• Am. J. Physiol. Lung Cell Mol. Physiol. · Sep 2003

    Systemic arteriovenous fistula leads to pulmonary artery remodeling and abnormal vasoreactivity in the fetal lamb.

    • Jean-Marie Jouannic, Régine Roussin, Alison A Hislop, Sophie Lanone, Jelena Martinovic, Jorge Boczkowski, Yves Dumez, and A Tuan Dinh-Xuan.
    • Maternité, Hôpital Necker-Enfants Malades, 149 rue de Sèvres, 75015 Paris, France. ipp.jouannic@free.fr
    • Am. J. Physiol. Lung Cell Mol. Physiol. 2003 Sep 1; 285 (3): L701-9.

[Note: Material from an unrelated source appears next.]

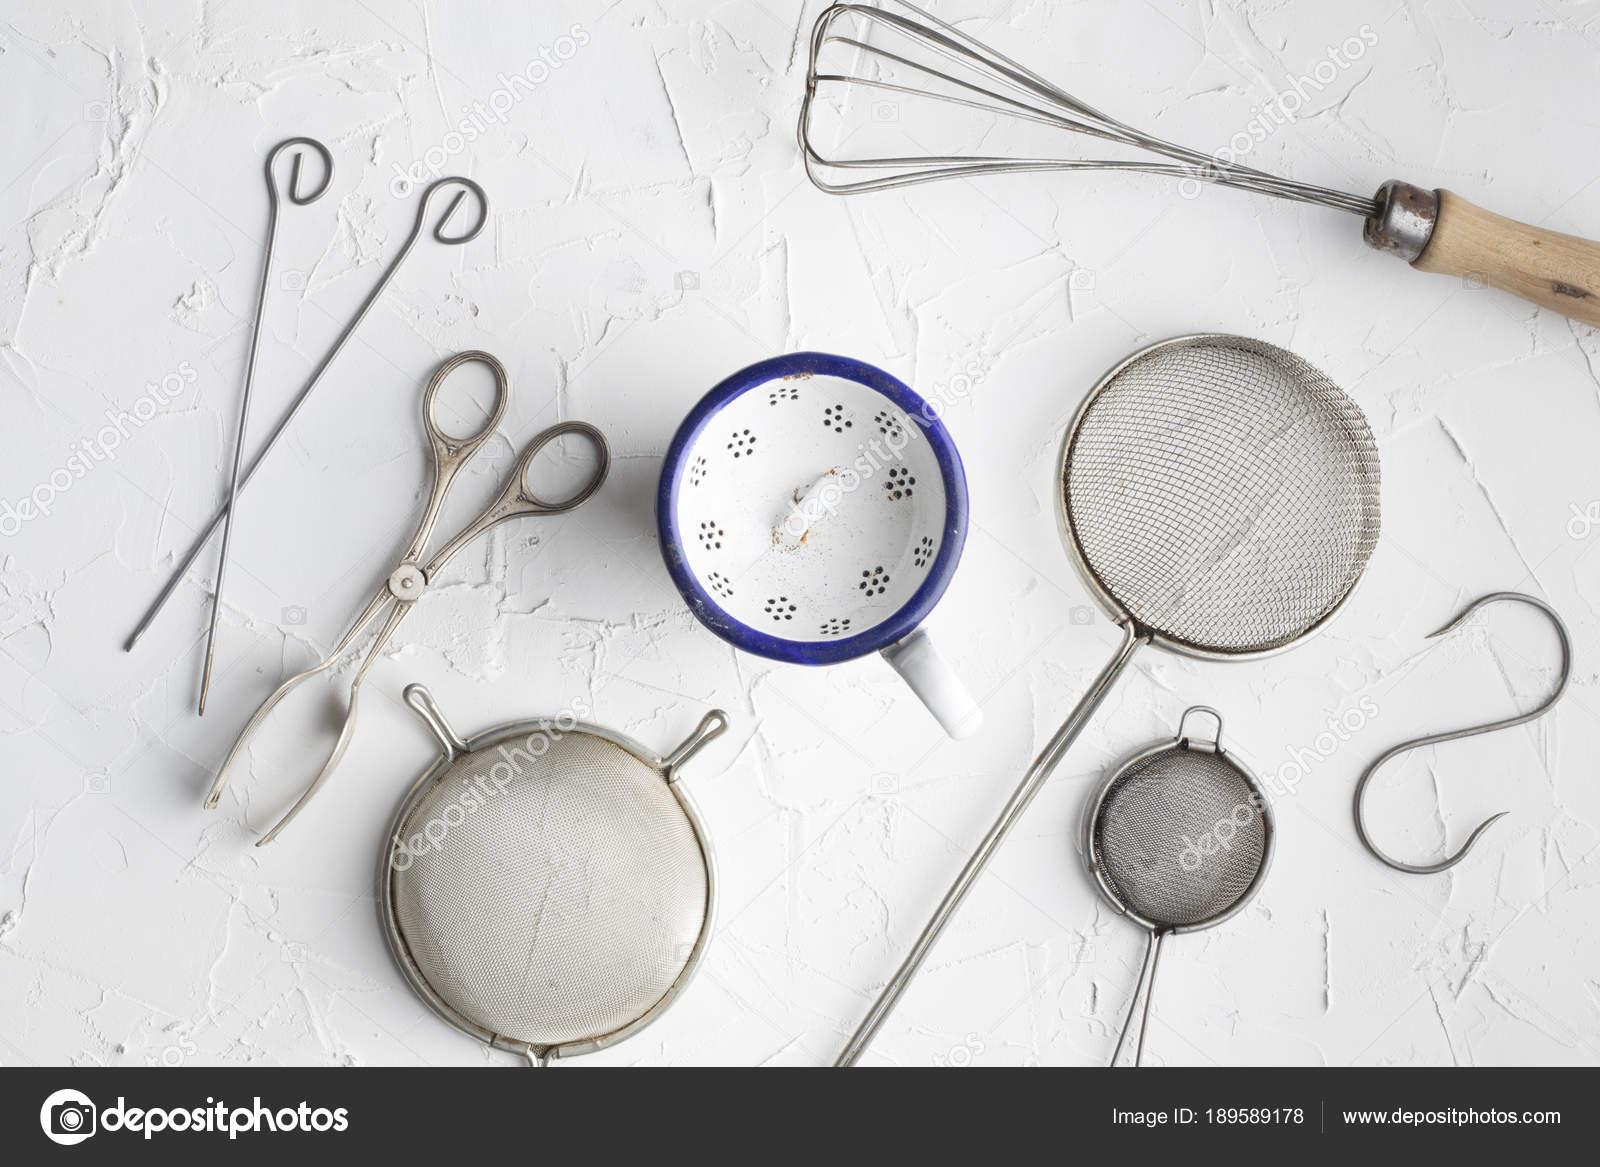 Vintage Kitchen Utensils Background Fork Kifes Spoons U2014 Stock Photo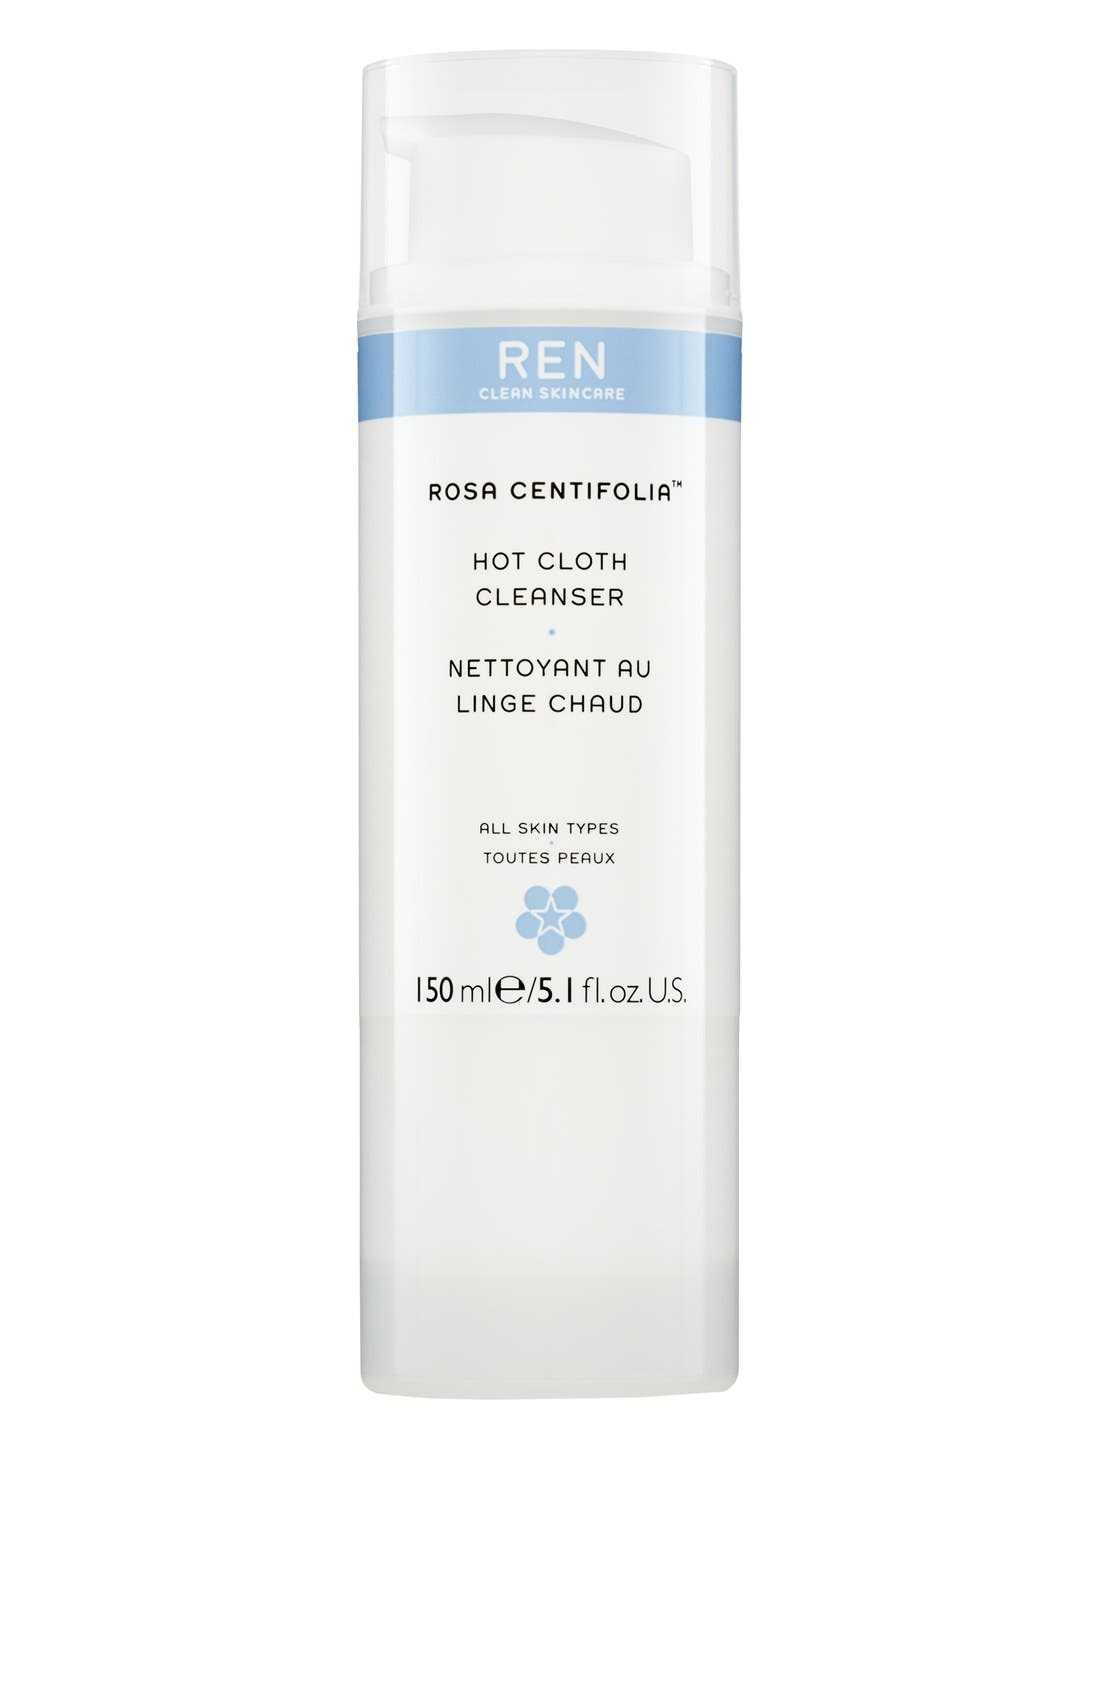 REN 'Rosa Centifolia™' Hot Cloth Cleanser

    AbstractSeveral cases of systemic arteriovenous fistula diagnosed in the human fetus have been associated with the postnatal development of persistent pulmonary hypertension. The aim of this study was to determine the effects of a prenatally created systemic arteriovenous fistula on the structure and reactivity of the pulmonary circulation in the fetal lamb. A fistula between the jugular vein and carotid artery was created in fetal lambs at 119-124 days of gestation. At delivery (134-139 days), left pulmonary artery (LPA) pressure was increased in the fistula group (n = 12) compared with controls (n = 11, P < 0.01). The pulmonary vascular resistance was significantly higher in the fistula group (P < 0.05), whereas mean LPA blood flow was not statistically different between the two groups. Morphometric analysis of the pulmonary vascular bed revealed an increase in the number of peripheral muscular arteries, together with an increase in pulmonary arterial medial thickness in the fistula group. There was no difference in the relative number or size of intraacinar arteries. In vitro organ bath studies on pulmonary arterial rings showed impaired endothelium-dependent relaxation in the fistula group compared with controls. However, endothelial nitric oxide synthase protein expression was similar in both groups, whereas endothelium-independent relaxation to sodium nitroprusside was greater in the fistula group compared with controls. A systemic arteriovenous fistula leads to both structural and functional alteration of the pulmonary vasculature, which might lead to the development of persistent pulmonary hypertension after birth.